- _HOW TO COMPLETE THIS TASK_: Skip pictures in the listing below; copy exactly the lines from the one with "Bohemian Rhapsody <span>(napisy)</span>" through the one with "XXXVI Jornadas Gastronómicas", inclusive.

- _DATA TO PROCESS_:
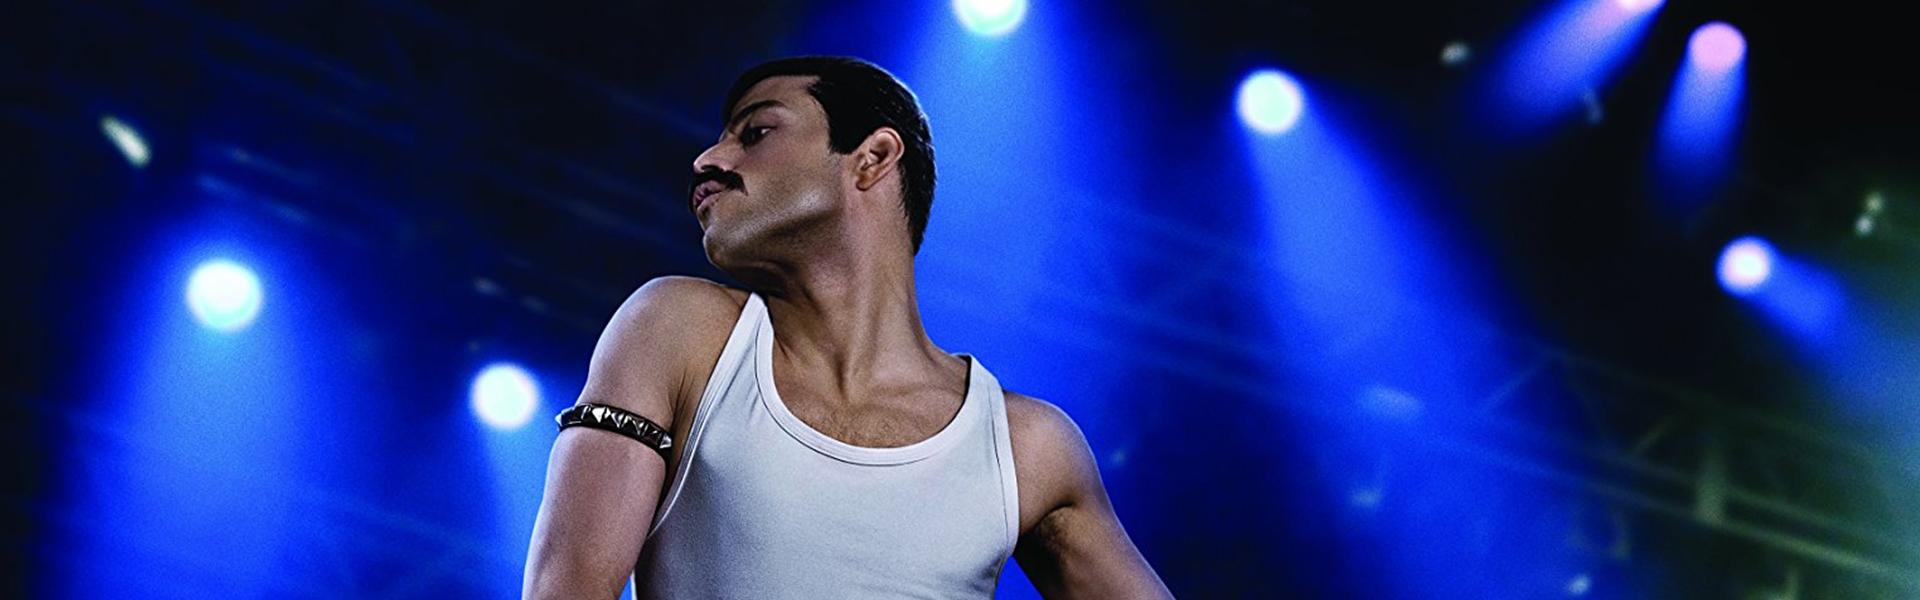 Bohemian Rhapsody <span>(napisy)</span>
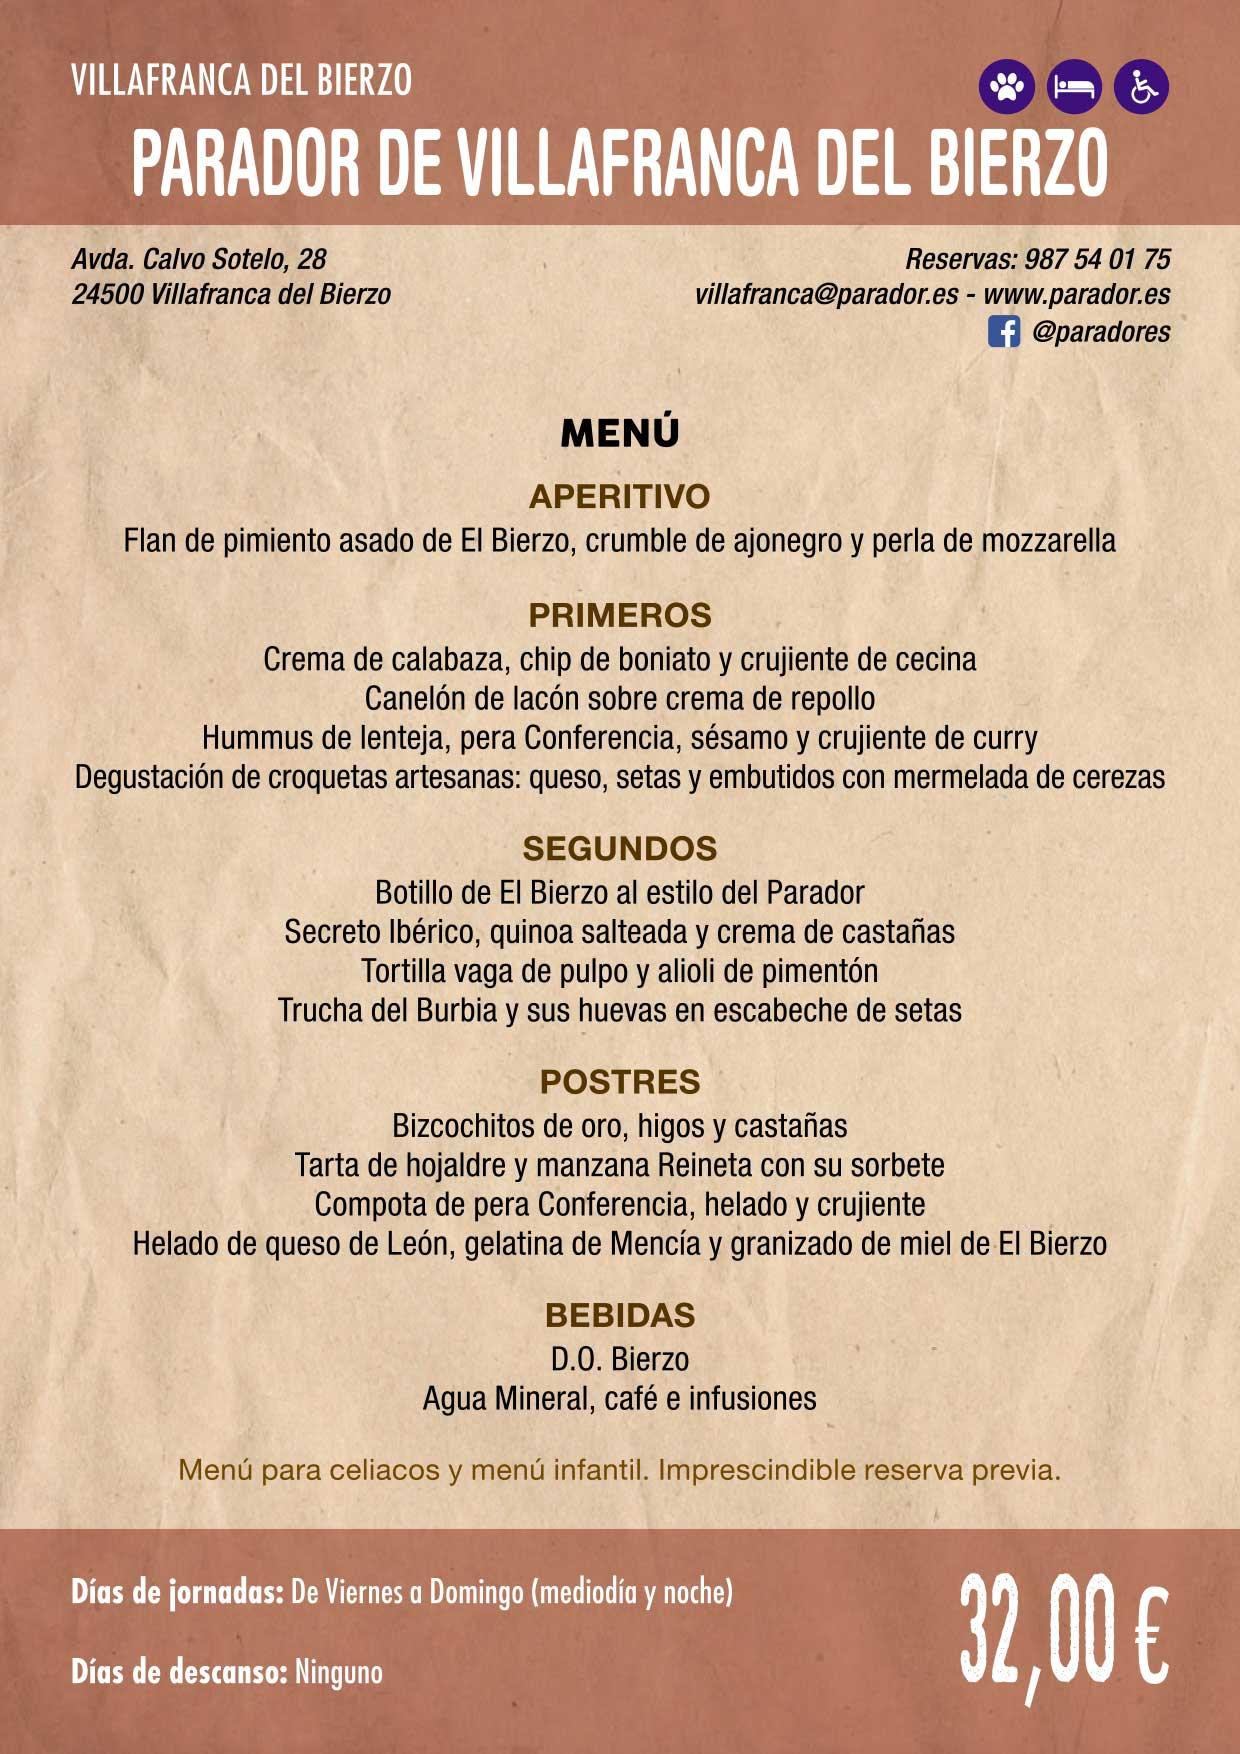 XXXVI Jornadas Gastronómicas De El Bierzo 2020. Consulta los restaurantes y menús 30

...

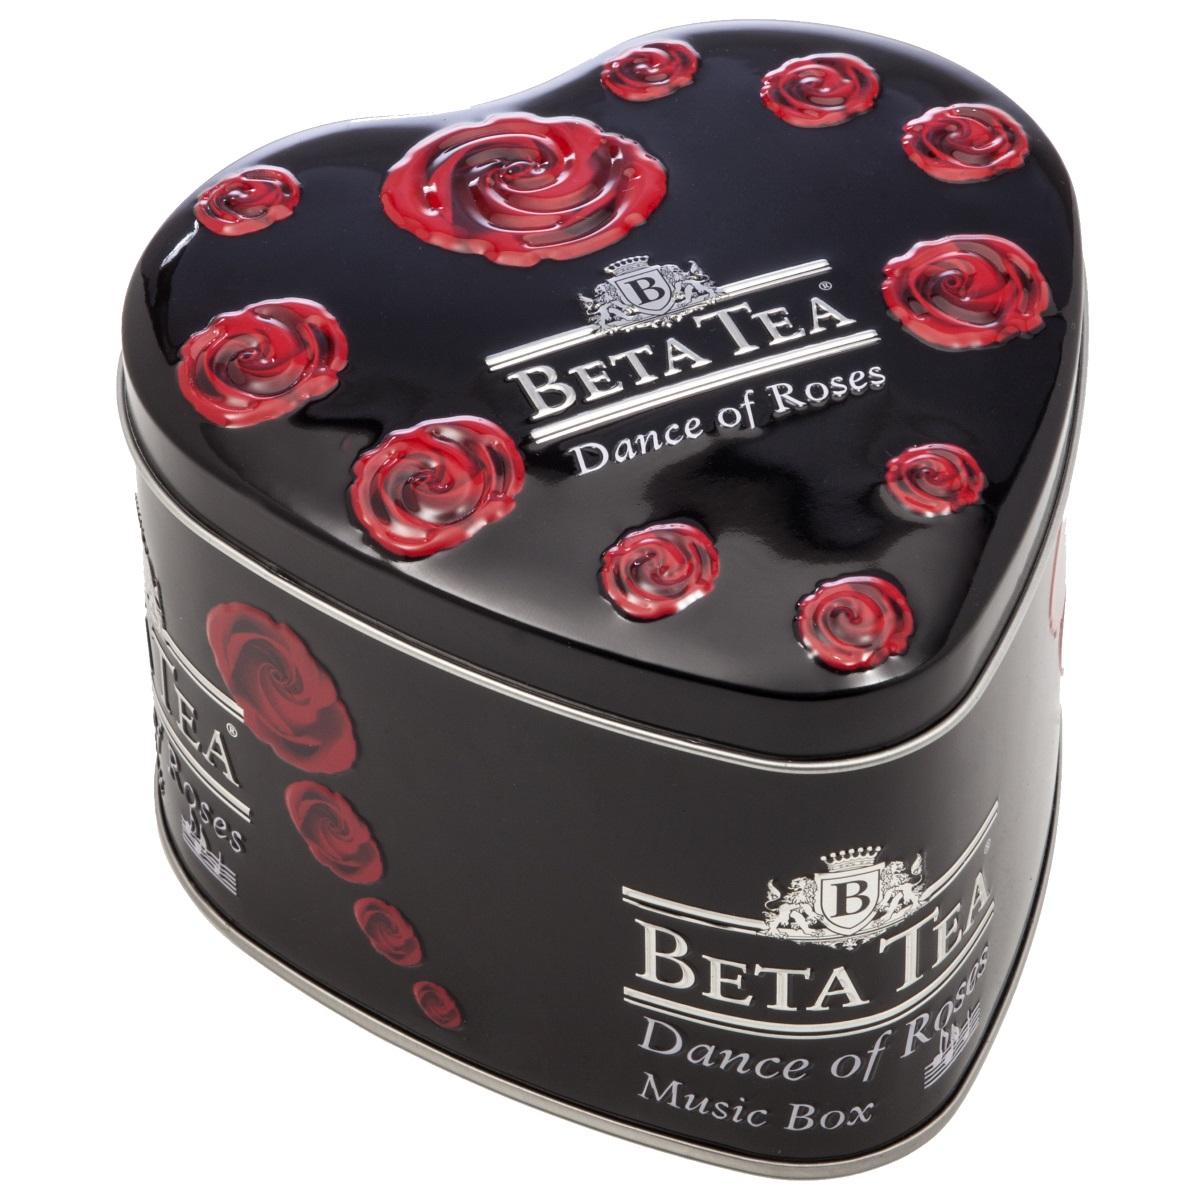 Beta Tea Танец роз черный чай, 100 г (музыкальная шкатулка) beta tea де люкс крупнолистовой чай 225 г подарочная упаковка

- _TASK RESPONSE_:
 Bohemian Rhapsody <span>(napisy)</span>
 XXXVI Jornadas Gastronómicas De El Bierzo 2020. Consulta los restaurantes y menús 30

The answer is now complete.